Would anyone NOT ask for an infinite number of TVs?  If you think so, explain why.

What keeps you from acquiring an infinite number of TV sets now is a limited supply, not a limited demand.

I can think of plenty of real world reasons not to want to accept that offer but then, I'm not the one being 'schooled' right now.
"I've never been quite sure what the point of a eunuch is, if truth be told. It seems to me they're only men with the useful bits cut off."
I drank because I wanted to drown my sorrows, but now the damned things have learned to swim.

garbon

Quote from: MadImmortalMan on January 01, 2017, 07:44:48 PM
People get X amount guaranteed income. As a result, the amount of stuff X buys decreases over time.

Do you just keep making X bigger or what?
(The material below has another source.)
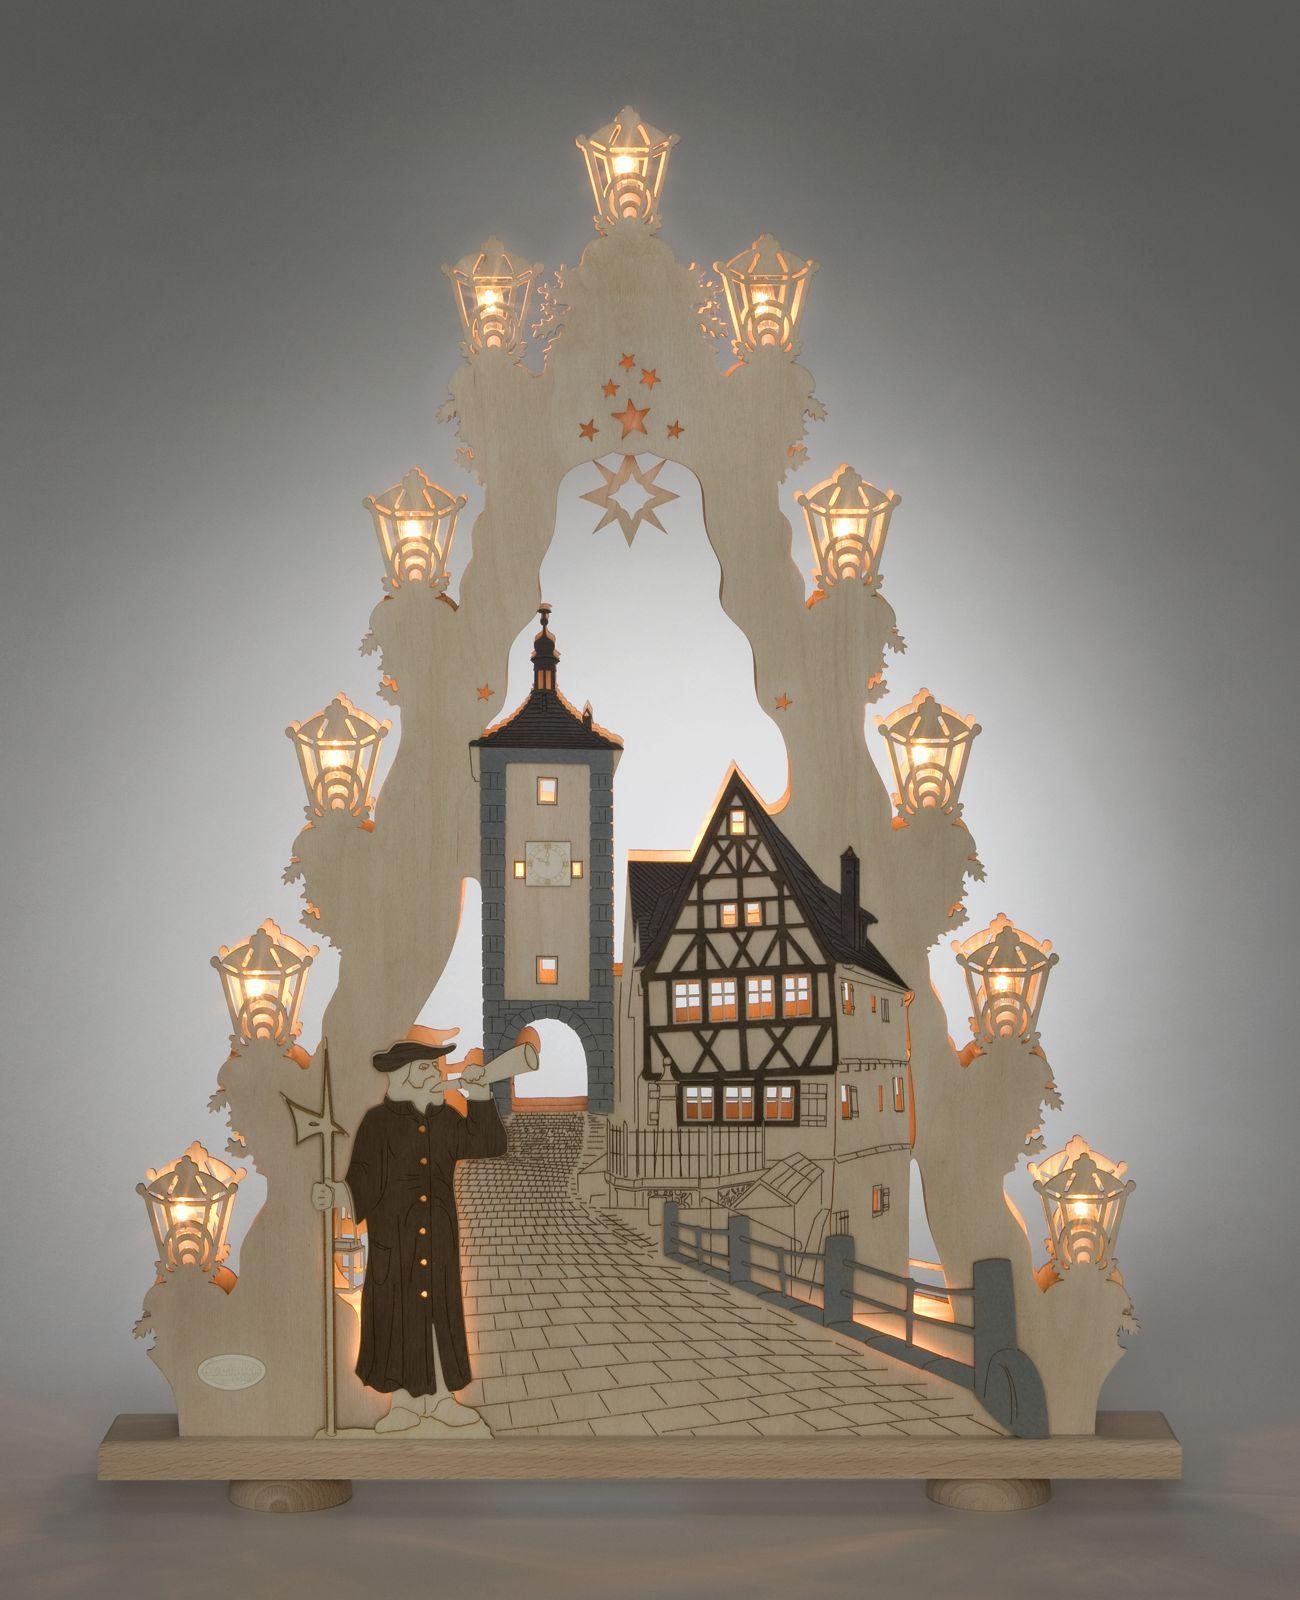 Lichterspitze 15 Flg Rothenburg Ob Der Tauber Schwibbogen Weihnachtsdeko Weihnachtsleuchter

That doesn't really seem like a very big problem. After all, in theory, people's salaries (as well as welfare allotments) should increase year over year so why wouldn't a guaranteed income...particularly if the guaranteed income was setup to ensure people had a certain standard of living in one's country?
"I've never been quite sure what the point of a eunuch is, if truth be told. It seems to me they're only men with the useful bits cut off."
I drank because I wanted to drown my sorrows, but now the damned things have learned to swim.